EDIT: To do expensive work outside the lock, you can write
socket.on(..., data => {
const result = doExpensiveWork(data); // Returns a promise
ready = Promise.all(result, ready).then(([result]) => insertData(result));
});
We have an action that fetches an object async, let's call it getPostDetails, that takes a parameter of which post to fetch by
an id. The user is presented with a list of posts and can click on one to get some details.
If a user clicks on "Post #1", we dispatch a GET_POST action which might look something like this.
const getPostDetails = (id) => ({
type: c.GET_POST_DETAILS,
promise: (http) => http.get(`http://example.com/posts/#${id}`),
returnKey: 'facebookData'
})
This is picked up by a middleware, which adds a success handler to the promise, which will call an action like
GET_POST__OK with the deserialized JSON object. The reducer sees this object and applies it to a store. A typical
__OK reducer looks like this.
[c.GET_ALL__OK]: (state, response) => assign(state, {
currentPost: response.postDetails
})
Later down the line we have a component that looks at currentPost and displays the details for the current post.
However, we have a race condition. If a user submits two GET_POST_DETAILS actions one right after the other, there is
no guarantee what order we recieve the __OK actions in, if the second http request finishes before the first, the
state will become incorrect.
Action => Result
---------------------------------------------------------------------------------
|T| User Clicks Post #1 => GET_POST for #1 dispatched => Http Request #1 pending
|i| User Clicks Post #2 => GET_POST for #2 dispatched => Http Request #2 pending
|m| Http Request #2 Resolves => Results for #2 added to state
|e| Http Request #1 Resolves => Results for #1 added to state
V
How can we make sure the last item the user clicked always will take priority?
The problem is due to suboptimal state organization.
In a Redux app, state keys like currentPost are usually an anti-pattern. If you have to “reset” the state every time you navigate to another page, you'll lose one of the main benefits of Redux (or Flux): caching. For example, you can no longer navigate back instantly if any navigation resets the state and refetches the data.
A better way to store this information would be to separate postsById and currentPostId:
{
currentPostId: 1,
postsById: {
1: { ... },
2: { ... },
3: { ... }
}
}
Now you can fetch as many posts at the same time as you like, and independently merge them into the postsById cache without worrying whether the fetched post is the current one.
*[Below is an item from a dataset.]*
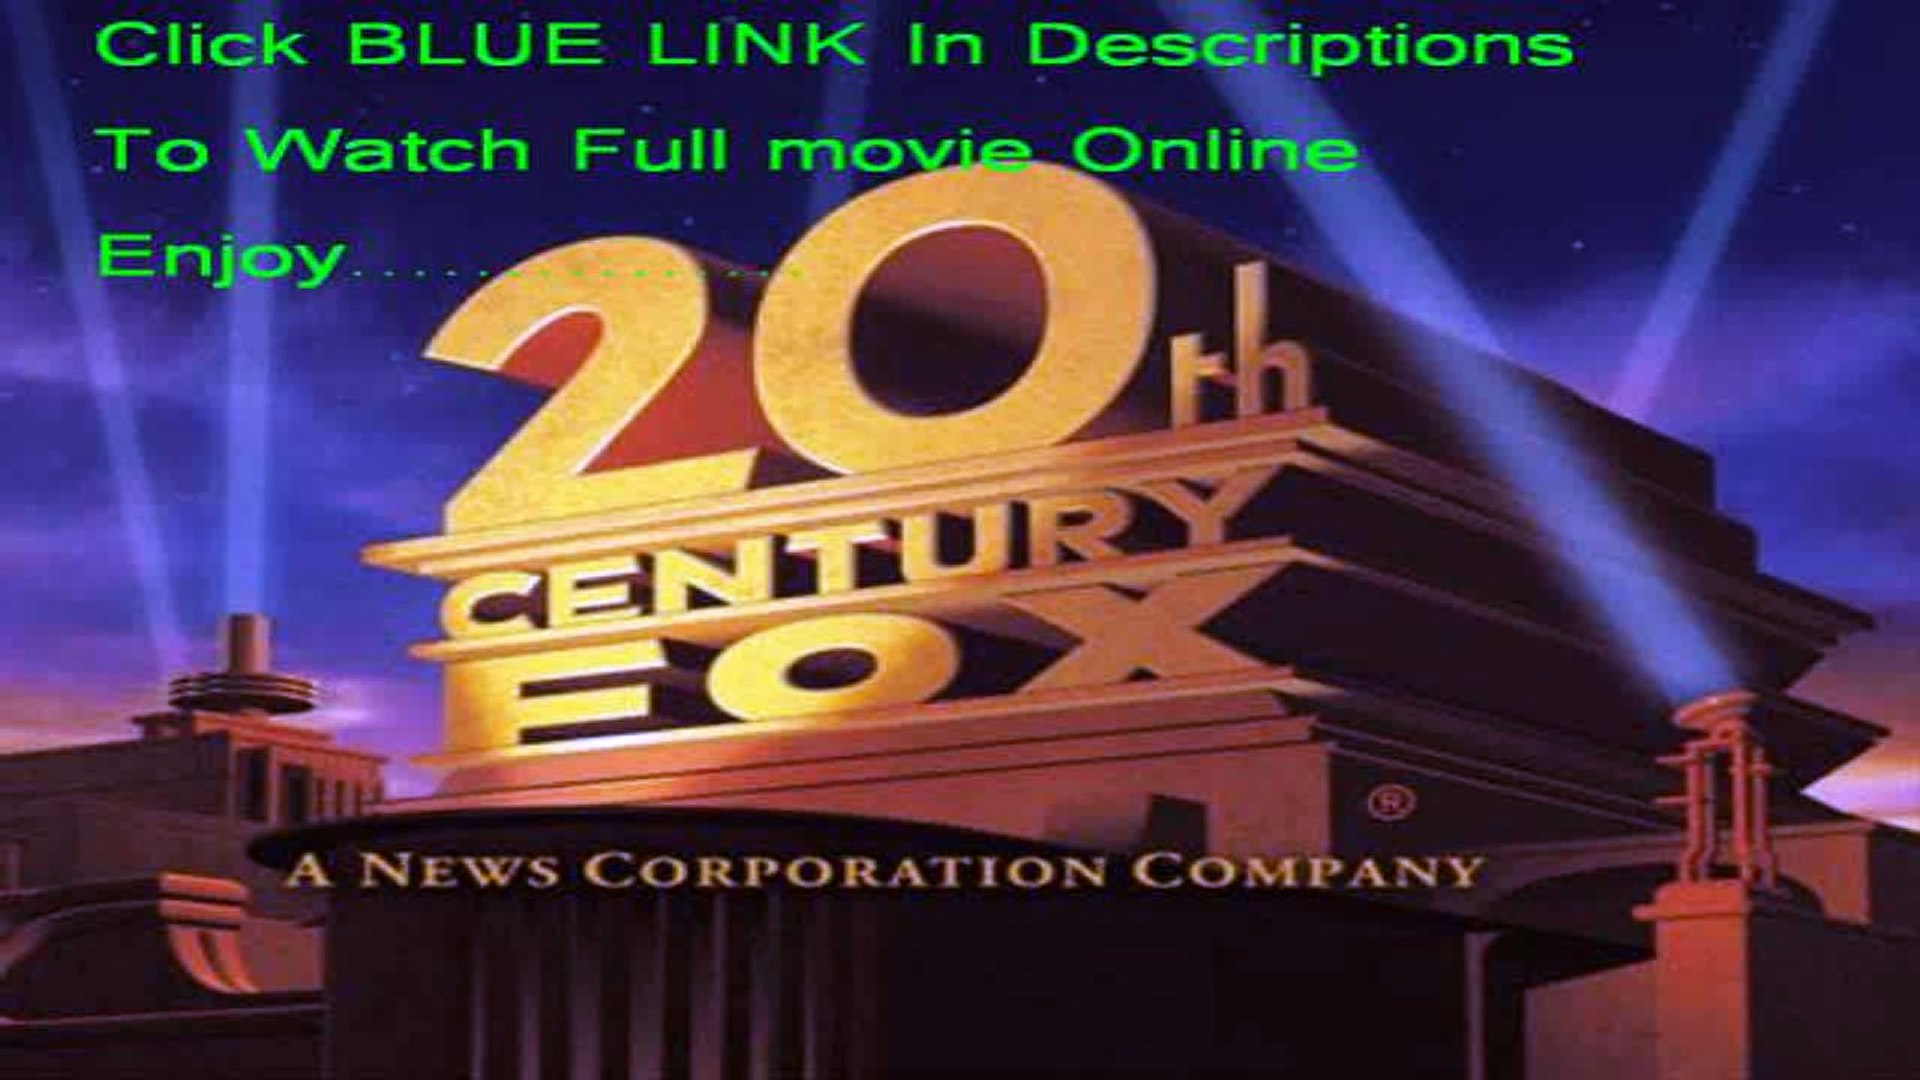 Fox home entertainment. 20 Rh Century Fox Home Entertainment. 20 Центури Фокс логотип 1935. 20th Century Fox. 20th Century Fox Home Entertainment 2010.

Inside your component, you would always read state.postsById[state.currentPostId], or better, export getCurrentPost(state) selector from the reducer file so that the component doesn’t depend on specific state shape.
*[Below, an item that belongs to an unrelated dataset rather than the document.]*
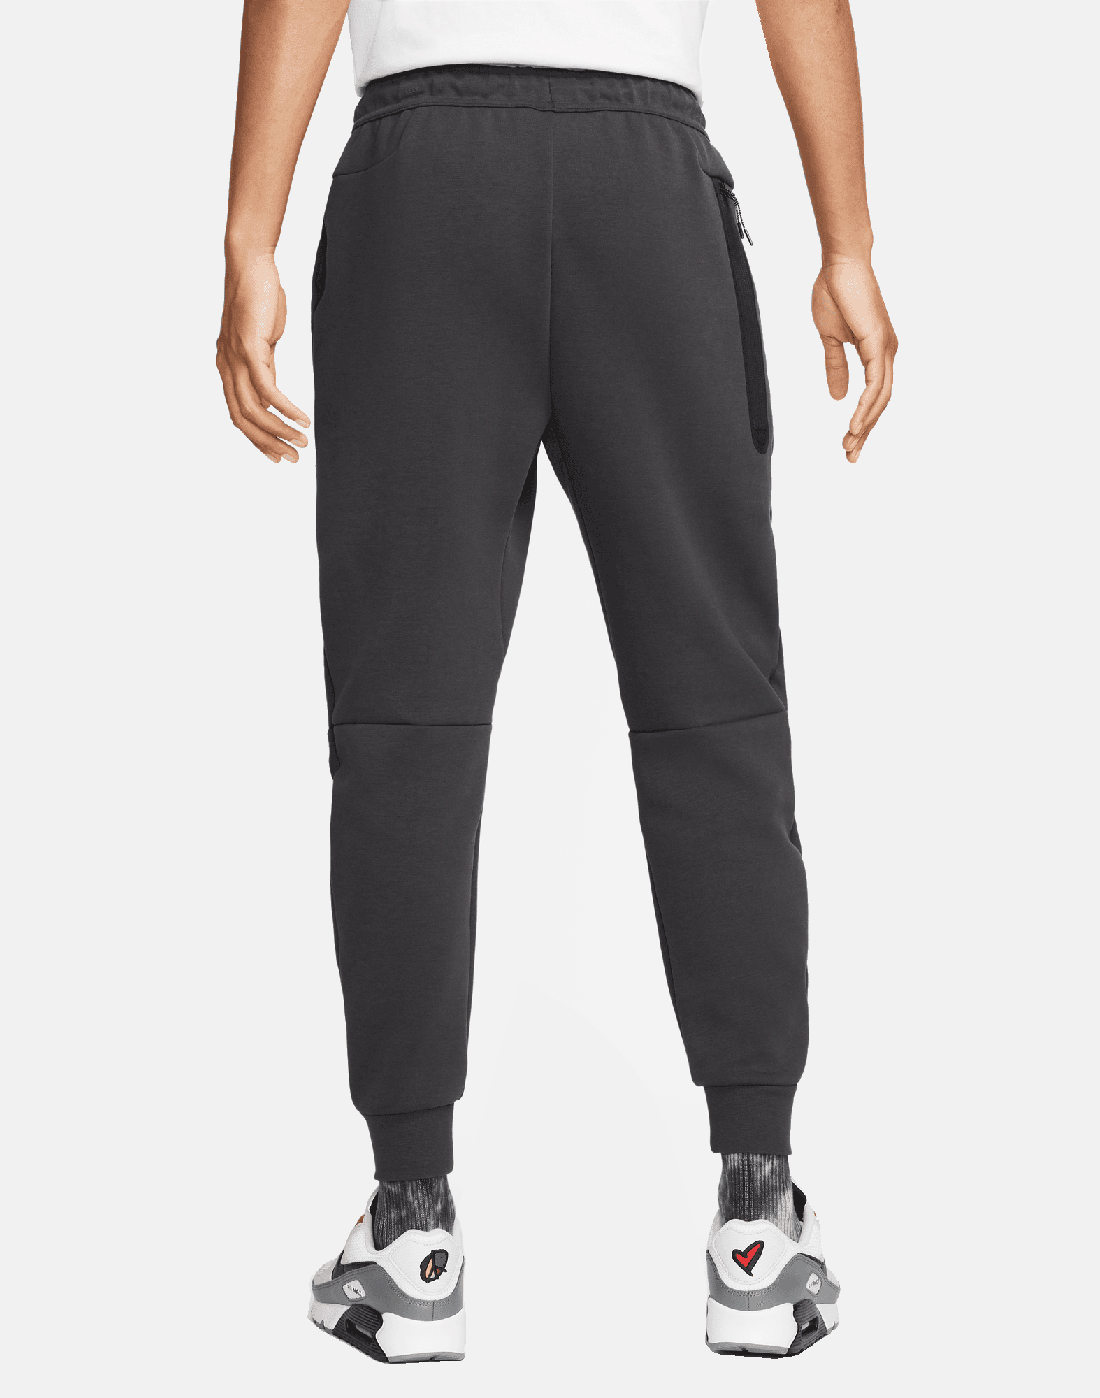 Nike Mens Tech Fleece Pants - Grey | Life Style Sports UK

Now there are no race conditions and you have a cache of posts so you don’t need to refetch when you go back. Later if you want the current post to be controlled from the URL bar, you can remove currentPostId from Redux state completely, and instead read it from your router—the rest of the logic would stay the same.
While this isn’t strictly the same, I happen to have another example with a similar problem. Check out the code before and the code after. It’s not quite the same as your question, but hopefully it shows how state organization can help avoid race conditions and inconsistent props.
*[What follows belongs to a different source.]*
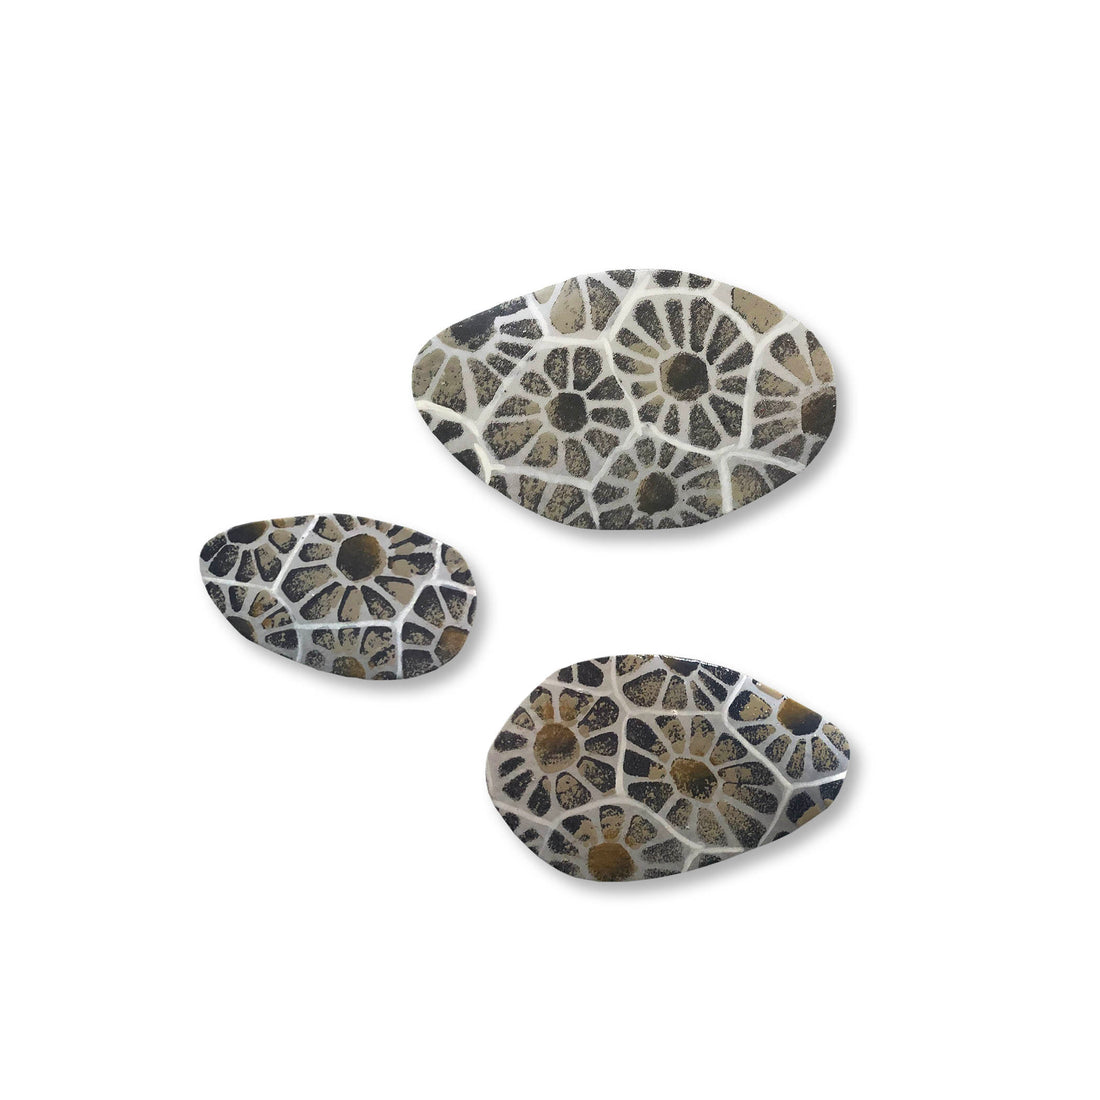 Petoskey Stone Magnets S/3

I also recorded a free video series that explains these topics so you might want to check it out.
Dan's solution is probably a better one, but an alternative solution is to abort the first request when the second one begins.
You can do this by splitting your action creator into an async one which can read from the store and dispatch other actions, which redux-thunk allows you to do.
The first thing your async action creator should do is check the store for an existing promise, and abort it if there is one. If not, it can make the request, and dispatch a 'request begins' action, which contains the promise object, which is stored for next time.
That way, only the most recently created promise will resolve. When one does, you can dispatch a success action with the received data. You can also dispatch an error action if the promise is rejected for some reason.